***** SOURCE DATA
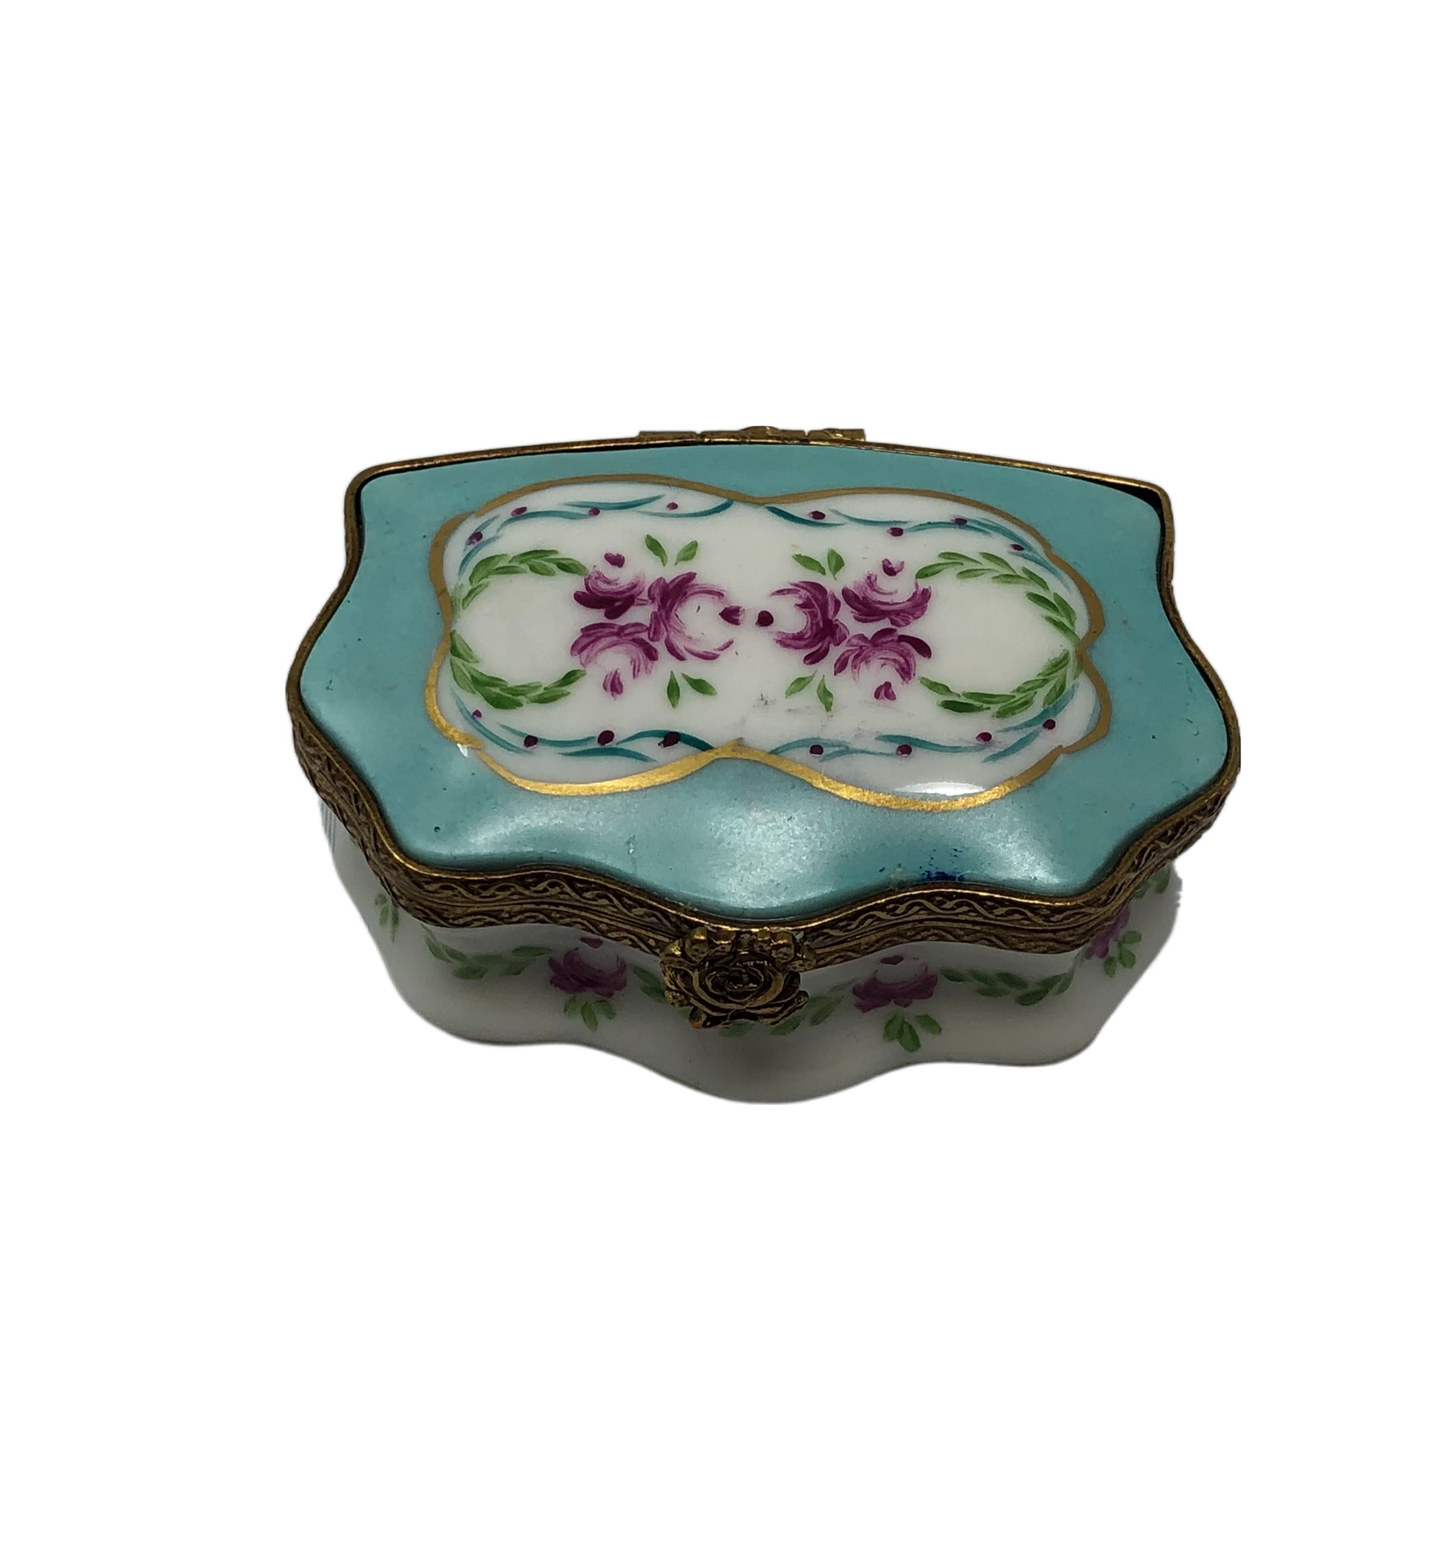 Floral Bliss - Limoges Box: Hand-Painted Blue Flower Organic Box
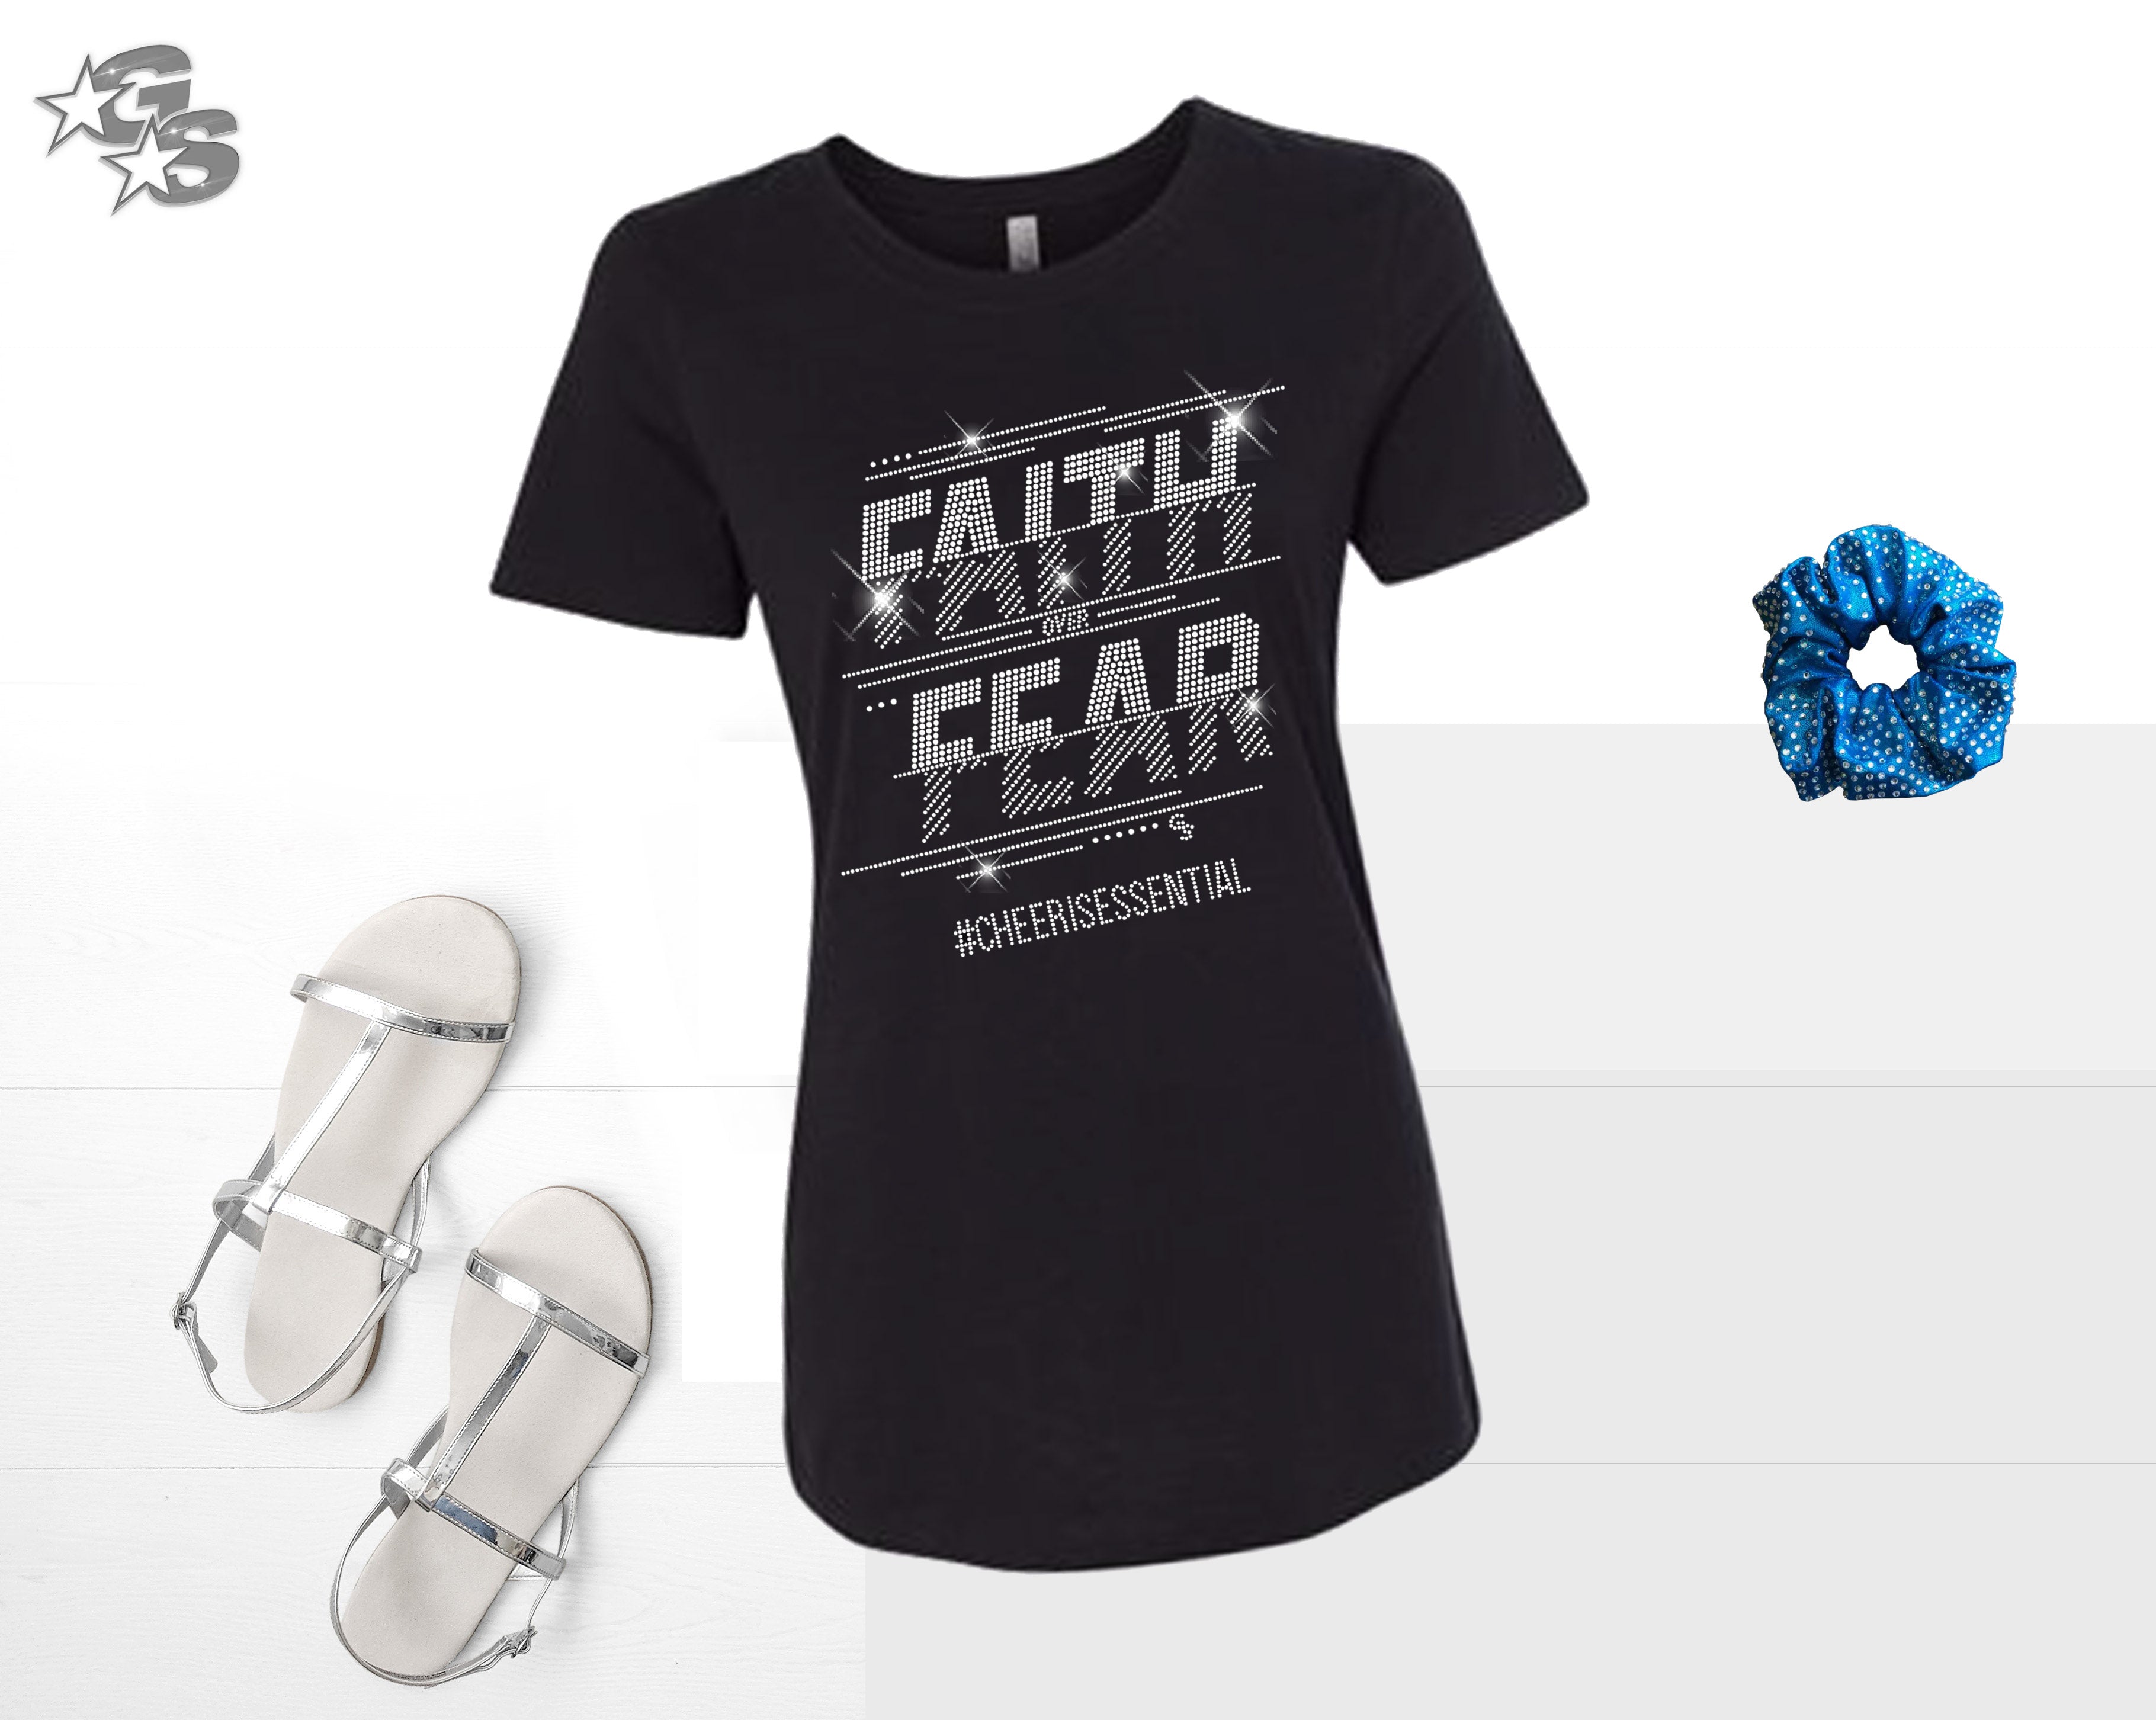 Faith Over Fear FITTED T-SHIRT  (Black) - for Cheer Dance or Gymnastics - Bling logo
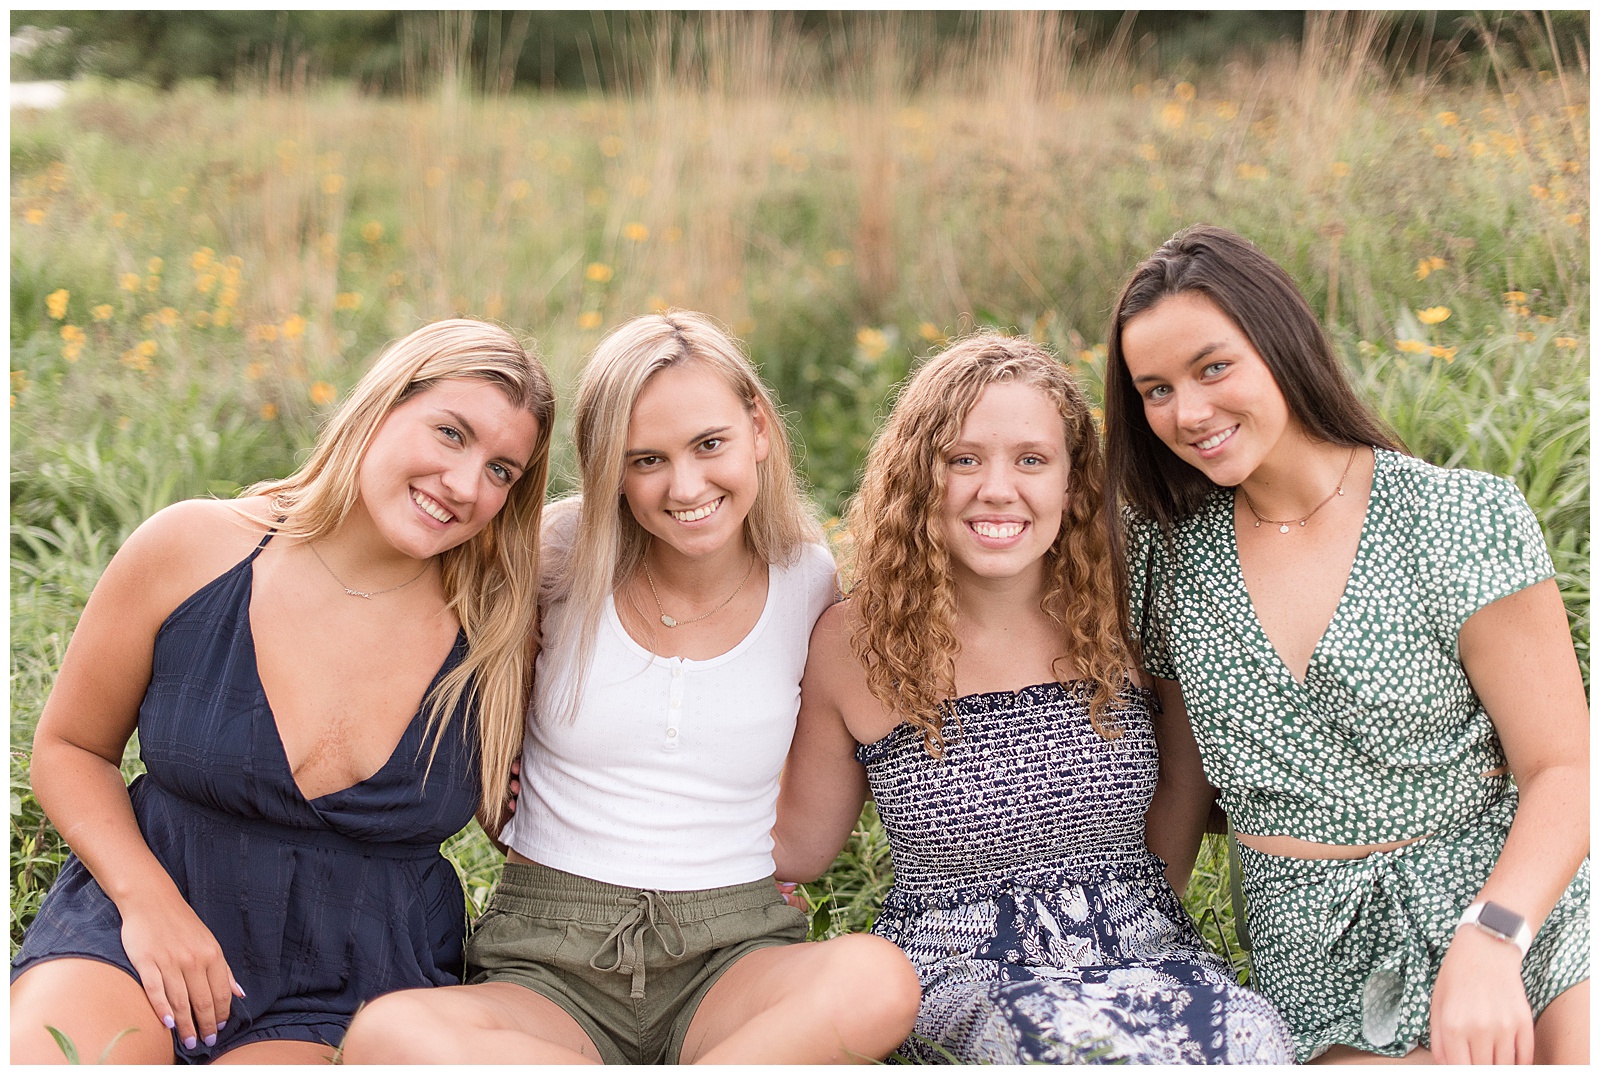 a close-up of all four girls sitting together in the wildflower field with their arms around each other and smiling at the camera
**********
WHAT YOU WILL DO
Could you print the listing above exactly, without the pictures?

ANSWER SPACE
 Floral Bliss - Limoges Box: Hand-Painted Blue Flower Organic Box
 Faith Over Fear FITTED T-SHIRT  (Black) - for Cheer Dance or Gymnastics - Bling logo
 a close-up of all four girls sitting together in the wildflower field with their arms around each other and smiling at the camera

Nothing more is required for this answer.